The RIGHT way to praise a kid.

When you are praising your kid’s school work, what do you say?

You will be tempted to tell them they’re “so smart,” or that they’re “really good at math.”  This is one of the worst things you can say.

“Smart” and “Talented” sound like fixed traits.  If your child internalizes these phrases they will think they are lucky to be smart, and “smart” will integrate itself into your child’s identity.  Being smart means learning easily.  And as long as the subjects continue to come easily the child will seem to have great self confidence.

But one day some subject won’t come easily.  One day the child who identifies himself as smart will struggle to understand something.  If being smart means learning easily, and this is hard, that must mean that everybody has been wrong and they’re not smart at all.  So to defend themselves they will avoid the challenge all together.

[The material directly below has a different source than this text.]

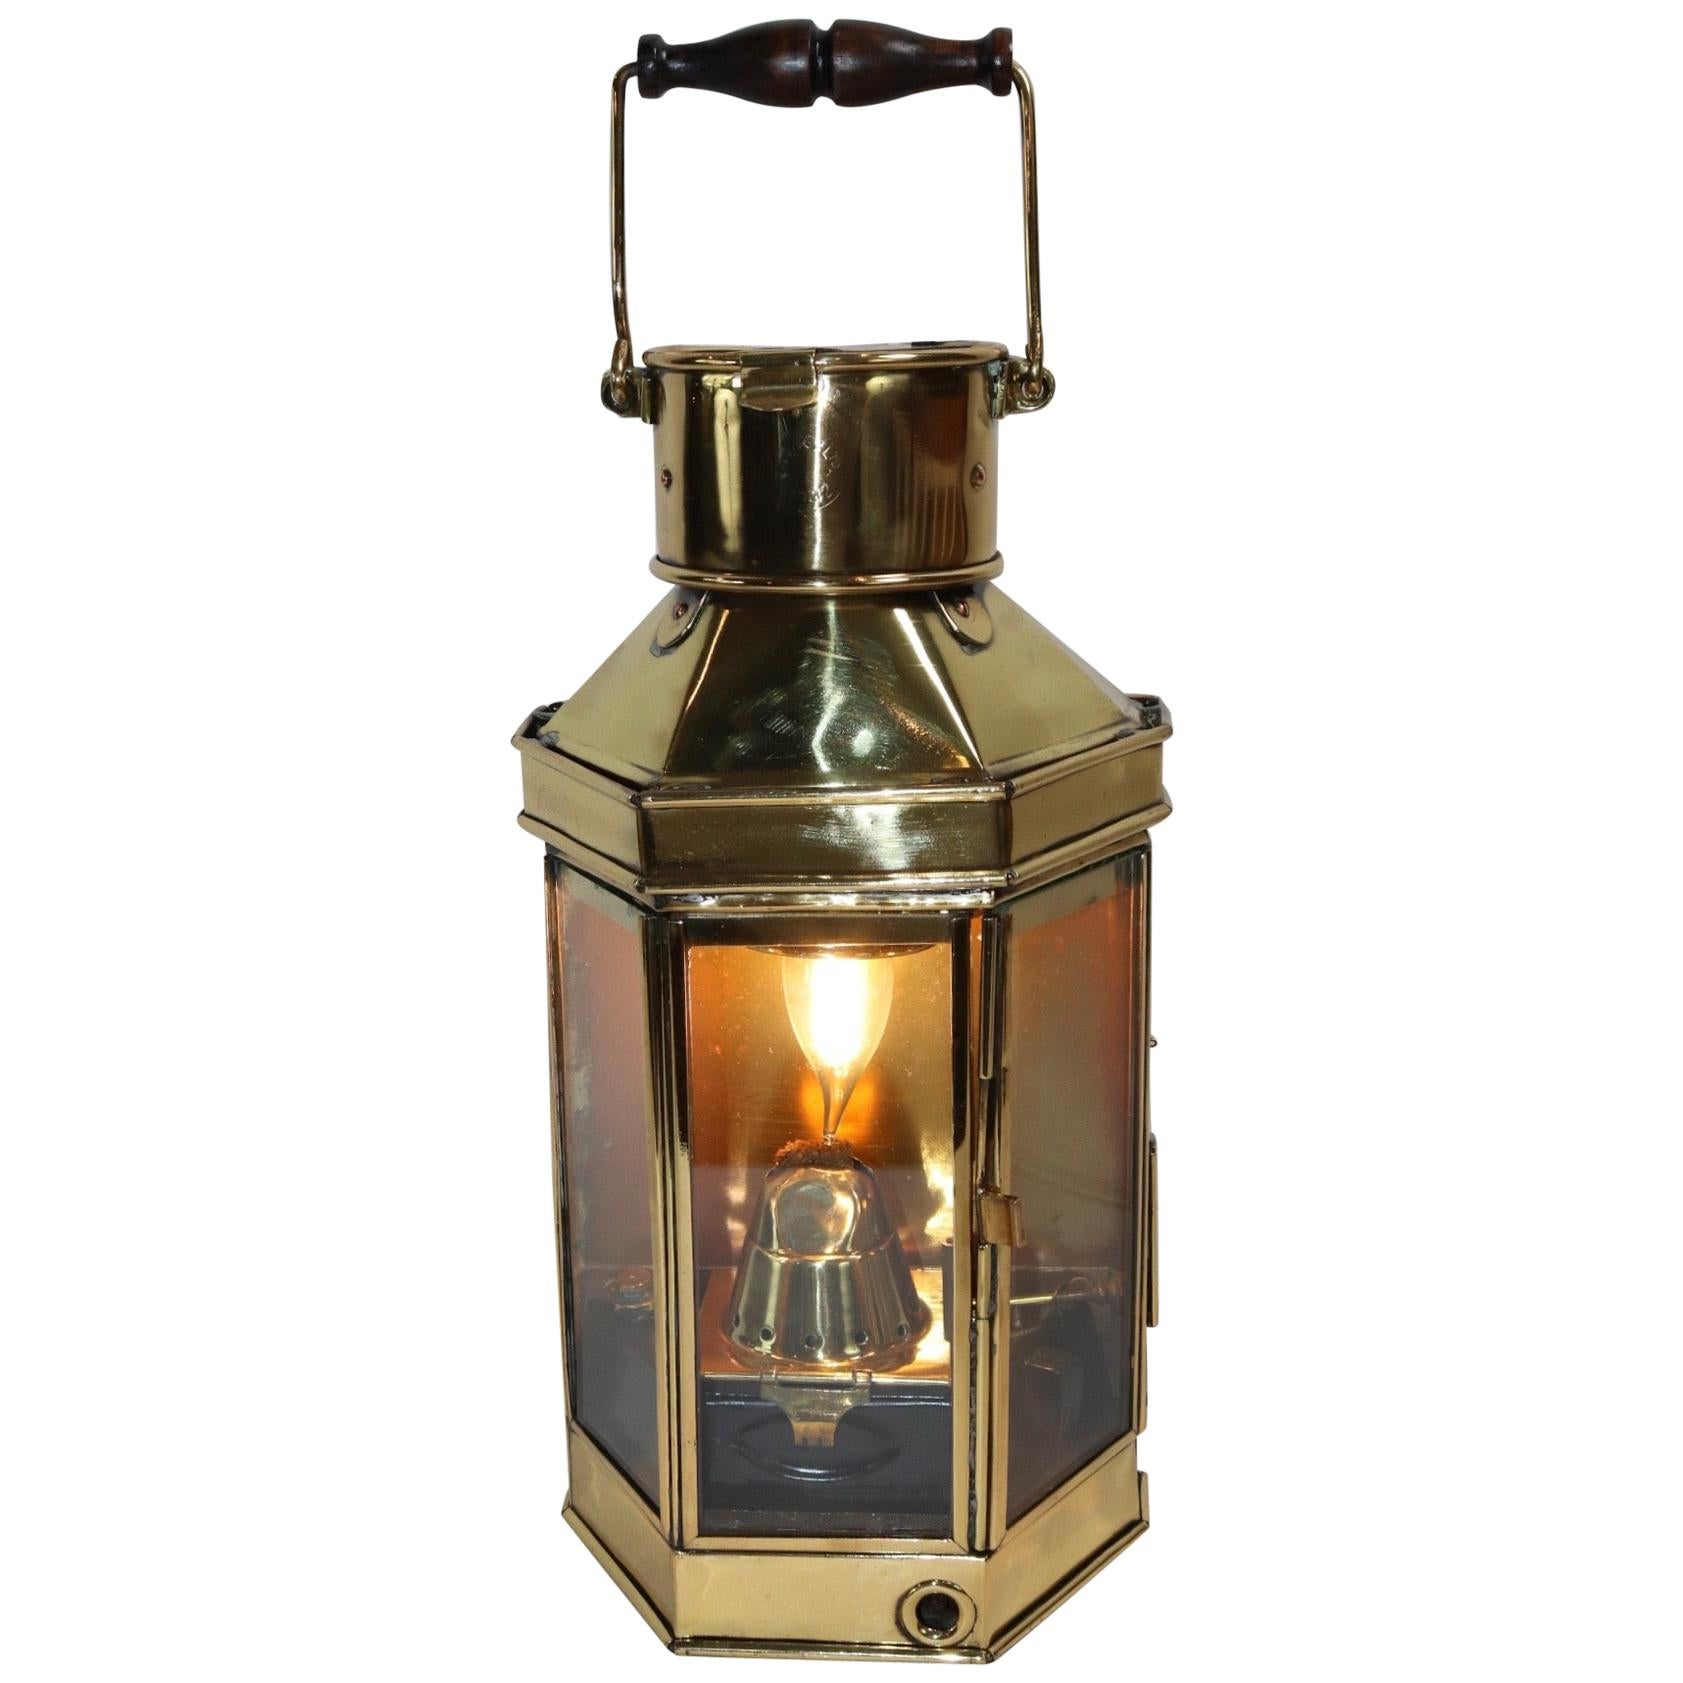 Solid Brass Ships Cabin Lantern by English Maker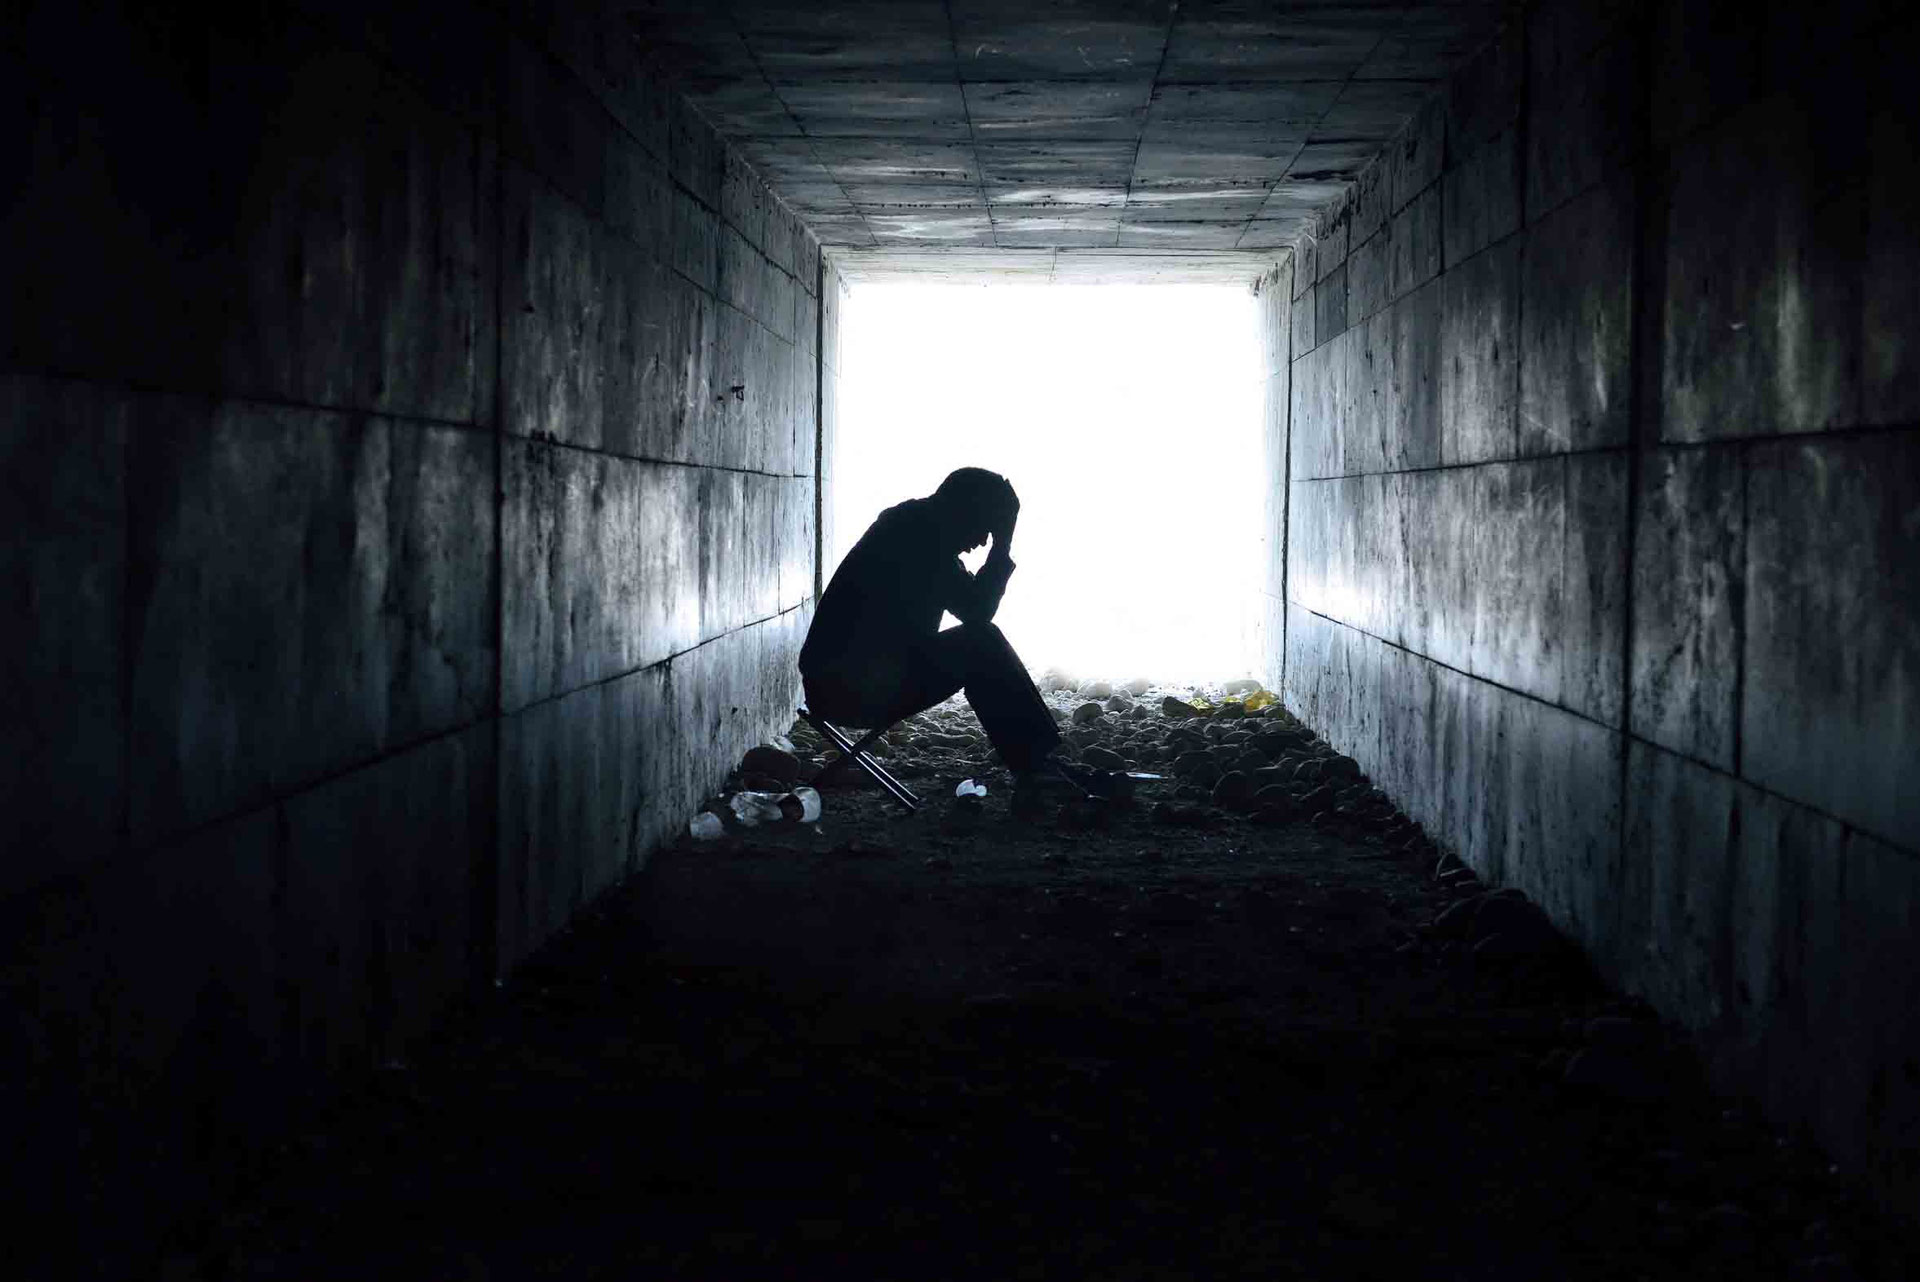 reaktive depression

I did this.  I deliberately avoided doing homework, and did some minor grade sabotage.  At the time I thought it was about being lazy, but in hindsight I think this had something to do with it.  After all, if I didn’t put out any effort, then the poor grades didn’t reflect on my intelligence.  If I had tried, then my failure would’ve been devastating.

The way around this trap is to praise the work instead of the child.  Teach the child that the brain is like a muscle, the more you work it the stronger it gets.  Teach your kid to love the challenges, because that’s where the growth is.  Praise tenacity.  Praise effort.  Relate the ultimate success to the practice that got them there.

And for the record this is not my own touchy-feely theory.  It’s been shown that there’s a correlation between a student’s view of intelligence as intrinsic or incremental and long term outcomes.  It’s also been shown by experiment that if you teach kids struggling in math that the brain is like a muscle, they outperform a control group.  It’s been shown that paying kids to make good grades is LESS effective than paying them turn in their homework

  • Teach your kids that their intelligence isn’t fixed, that all skill and knowledge is built incrementally.
  • Love your kids unconditionally.
  • Don’t focus on outcomes.  Instead focus on the process and the outcomes will happen naturally.
  • Don’t praise them for what they are.  Instead praise them for what they DO.

Hat tip to Josh Waitzkin and his book “The Art of Learning.”